Data Quality Layers (A / B / C / D)

Codified 2026-05-12 (commits e43de39b → 7f2789c5 → d2567b7b → migration 068). Trigger: the 2026-05-12 audit found 258 abandoned docs (pending > 48 h), 40 duplicate doctor profiles, 312 Lorem ipsum chunks sitting silently in the production corpus for weeks. None caught by pytest. None caught by deploy.

The project enforces four parallel code-quality gates: ruff (style), pyright (types), tsc (frontend types), eslint (frontend style). Until this sprint, the data layer had no equivalent: bad data could land in the corpus and stay there for months without surfacing.

Layers A / B / C / D mirror the four code-side gates at the data layer. Each gate has a single owner, a single failure mode, and a clear escalation:

Layer	Mirror	What	Failure escalation
A	Daily observability	`audit_data_quality.py` cron at 03:30 UTC; emits markdown report; exit codes 0 / 1 / 2 (clean / warning / alert)	Structured log entry `data_quality_audit_completed` with `severity` field — existing log infra alerts on WARNING / ALERT
B	Canonicalization + dedup at ingest	Pre-insert `find_document_by_source_url` check + canonical-URL extraction; migration 068 partial unique index on `(tenant_id, normalized_title) WHERE status='completed'`	`IntegrityError` at the DB layer — application gets it as `DuplicateDocument`; the ingest pipeline skips the duplicate and logs it
C	Sanitization + extraction	`sanitize_corpus_text` (strips template Lorem ipsum) + `extract_consultation_schedule` (structured JSON from ZOL Drupal tables) called at `document_service.py:1262+` and `:1314+`	Bad chunks rejected at ingest; existing chunks backfilled by `scripts/backfill_consultation_schedule.py` (idempotent)
D	Post-completion verification	Verification logic inside Layer A audit script — confirms what landed matches what was crawled	Same as Layer A — markdown report + log severity

Layer A — Daily observability

backend/scripts/audit_data_quality.py (~325 lines, single file, no new deps). Wired into APScheduler at 03:30 UTC (30 min after the 03:00 ingest cron) in commit d2567b7b.

Metrics emitted to tests/evaluation/results/data-quality-<YYYYMMDD>.md:

Pending-age p50/p95 (soft >24 h, hard >48 h). PostgreSQL percentile uses PERCENTILE_DISC not PERCENTILE_CONT — interpolated timestamps don't cast back to timestamp with time zone (commit 9fa6fa16).
Failure-reason histogram (soft >25, hard >100). Two classes split per refinement 7f2789c5:
- failed_real — threshold-checked. Real ingest failures.
- intentional_softdeletes — informational only. Rows with processing_error LIKE 'superseded-by-%' OR 'broken-extraction-%'. The histogram view marks each soft-delete row with ✱.
Duplicate-title count (alert on ≥1; should always be 0 with Layer B's partial unique index).
Per-tenant doctor coverage (% with schedule, % with Lorem ipsum).
Chunk-quality stats (short / empty / lorem).

Layer B — Canonicalization + dedup gate

Two complementary mechanisms at document_service.py:1262+:

Canonical-URL extraction. The crawler already extracted <link rel="canonical"> but discarded it. Now stored in doc_metadata.canonical_url.
Pre-insert dedup check. Before INSERT, query for an existing completed doc whose normalized title (with | <brand> suffix stripped) matches. If found, skip.

Migration 068 (commit d2567b7b) adds a partial unique index on (tenant_id, normalized_title) WHERE status='completed'. Schema-level enforcement: even if application-layer dedup is bypassed (manual insert, race, future code path), the DB rejects the duplicate. Partial because pending/processing/failed rows transit through transient duplicate states by design.

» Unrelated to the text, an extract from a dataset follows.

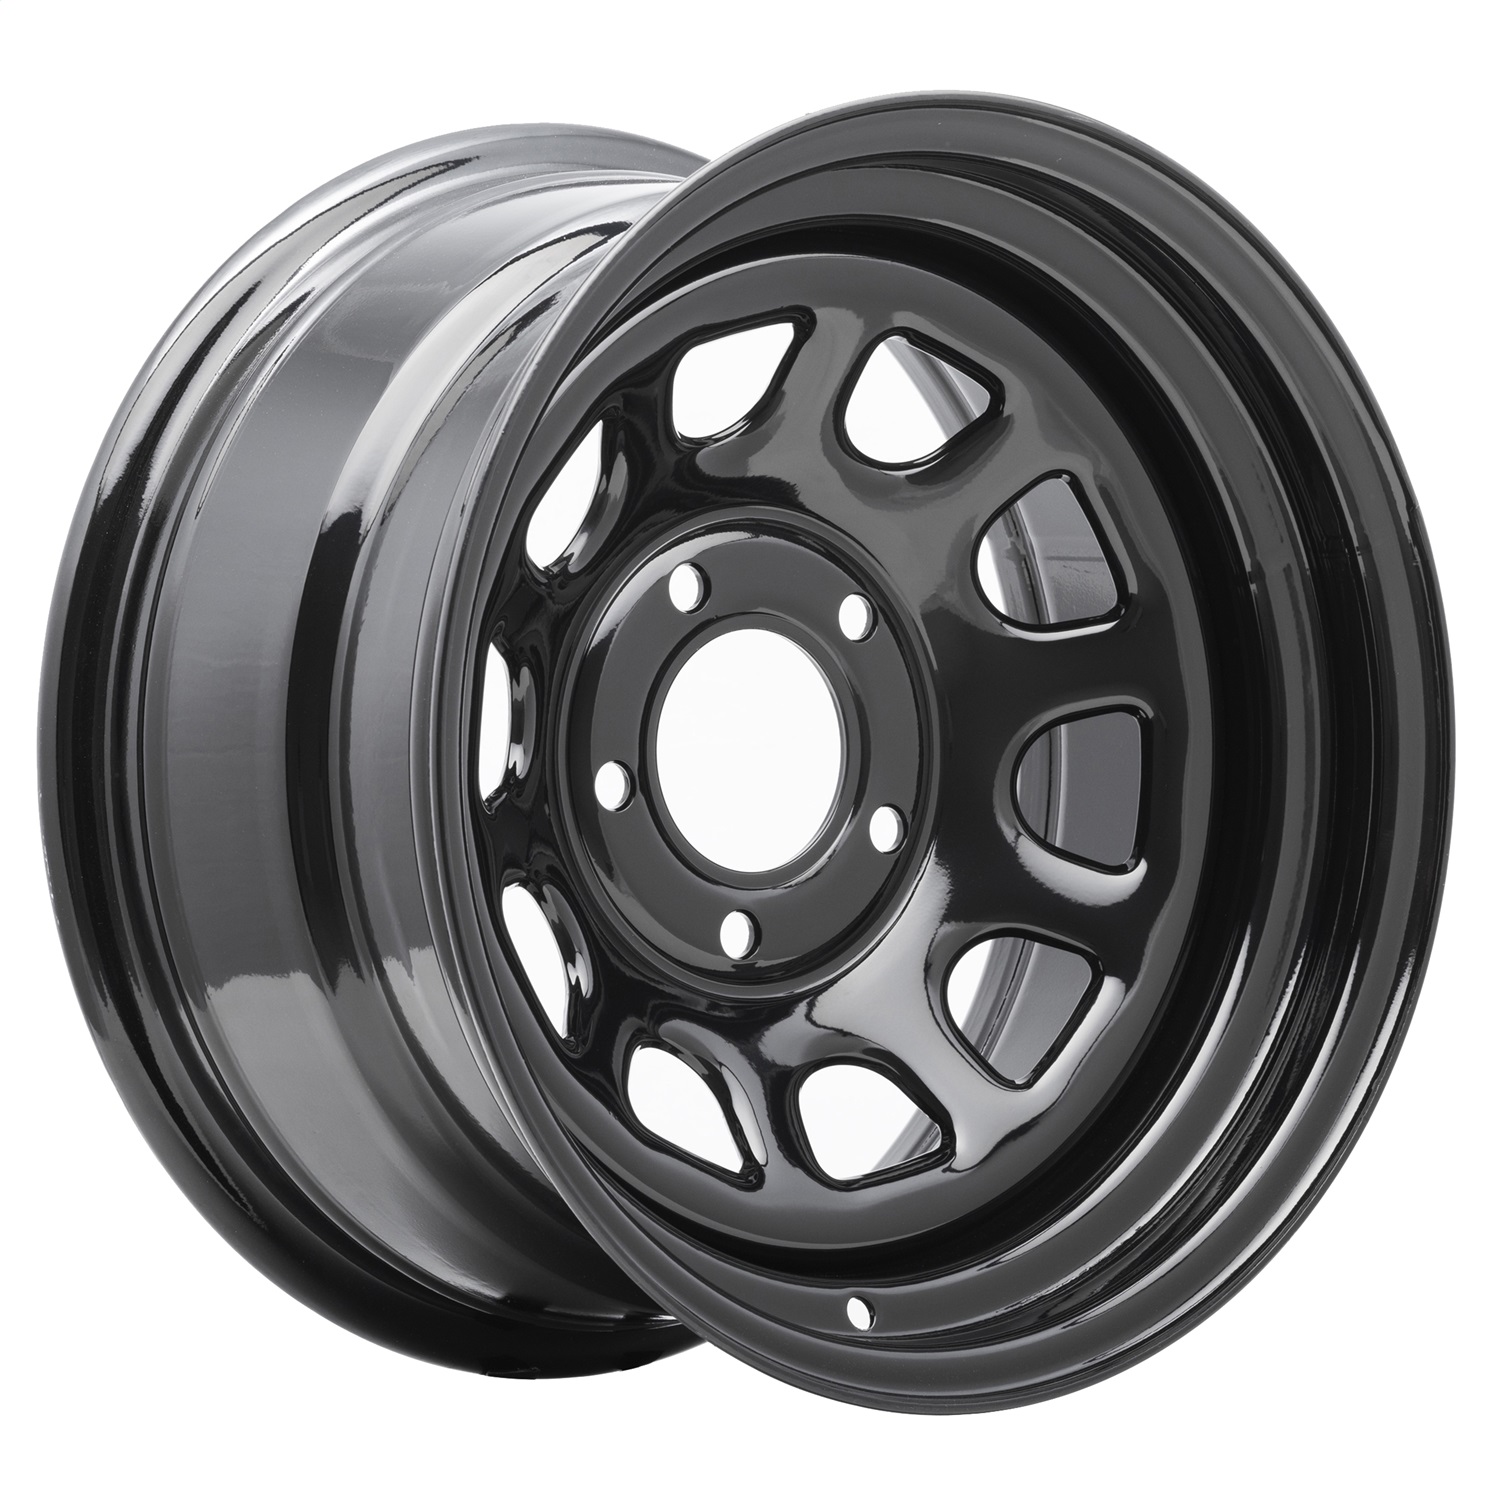 Pro Comp Wheels 51-5865 Rock Crawler Series 51 Black Wheel

Companion fix 26ba1562 rejects ingest of docs whose title normalizes to empty string (a common drift mode for very-short pages — a single image with no readable text would normalize to empty and silently dedup against other empty-normalized docs).

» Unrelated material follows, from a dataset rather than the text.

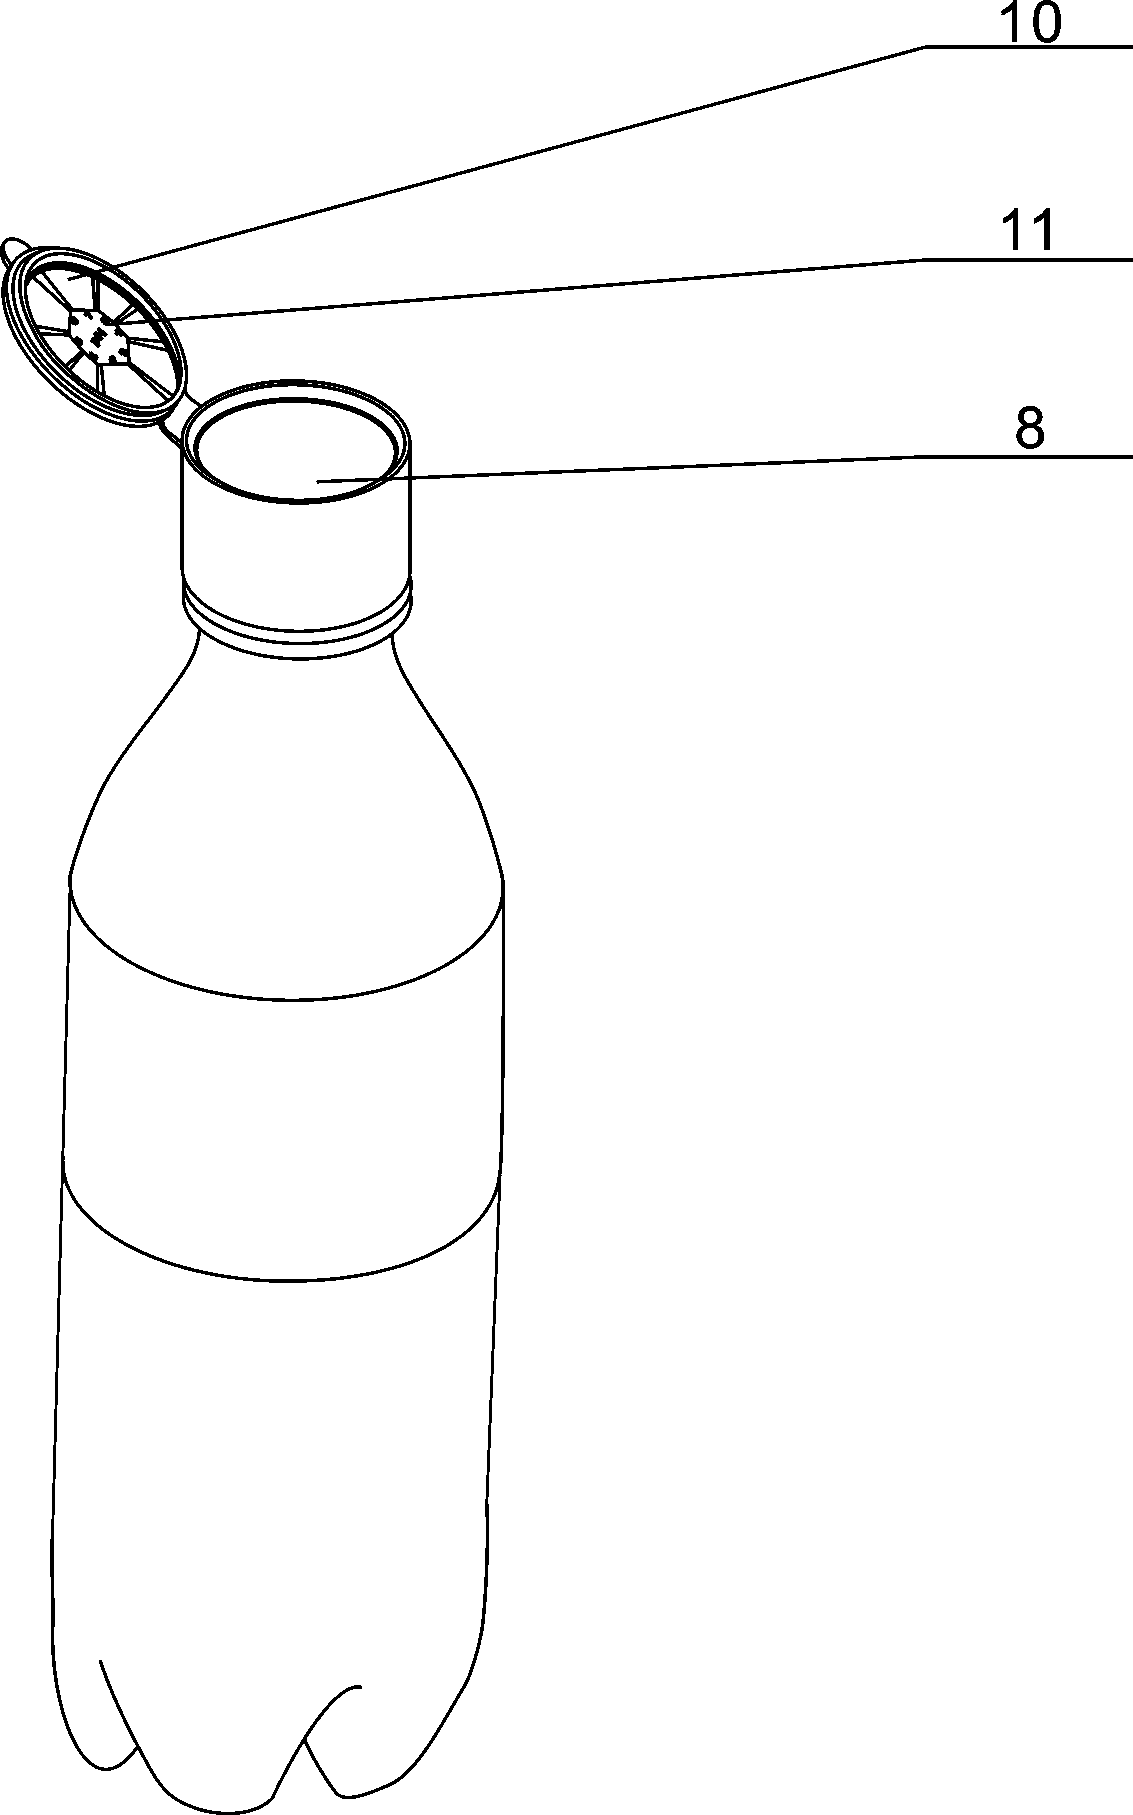 Bottle cap capable of detecting PH value

Layer C — Sanitization + extraction

Sanitizer (`cfcb4e2b`)

One-shot script (scripts/sanitize_lorem_chunks.py) that walks existing document_chunks, detects template Lorem ipsum runs (/lorem ipsum dolor sit amet/i over ≥10 consecutive tokens), and strips them. Idempotent — safe to run on a corpus that's been sanitized before. Backfill-safe — only chunks with status='completed' are touched.

Layer B's empty-normalized-title guard (26ba1562) is the prevention side of Layer C's cleanup: future Lorem-only docs are rejected at ingest, so Layer C's sanitizer drains a finite backlog.

Schedule-table extractor (`7f2789c5`)

extract_consultation_schedule() in data_quality.py. Parses the ZOL Drupal schedule-table format:

| | MA | Di | WO | DO | VR | ZA |
| VM | RP2w | RP2w | RP2w | RP | RP2w | |
| NM | RP   |      |      |    |      | |

into structured JSON stored at doc_metadata.consultation_schedule:

{
  "MA": {"VM": "RP2w", "NM": "RP"},
  "Di": {"VM": "RP2w"},
  "WO": {"VM": "RP2w"},
  "DO": {"VM": "RP"},
  "VR": {"VM": "RP2w"}
}

Empty cells are omitted; all-empty tables return None. Future cell codes (RP3w, etc.) pass through verbatim — no fixed vocabulary constraint.

Hooked into document_service.py:1314+ so every new ingested doc gets its schedule extracted. Existing docs backfilled by scripts/backfill_consultation_schedule.py (one-shot, idempotent).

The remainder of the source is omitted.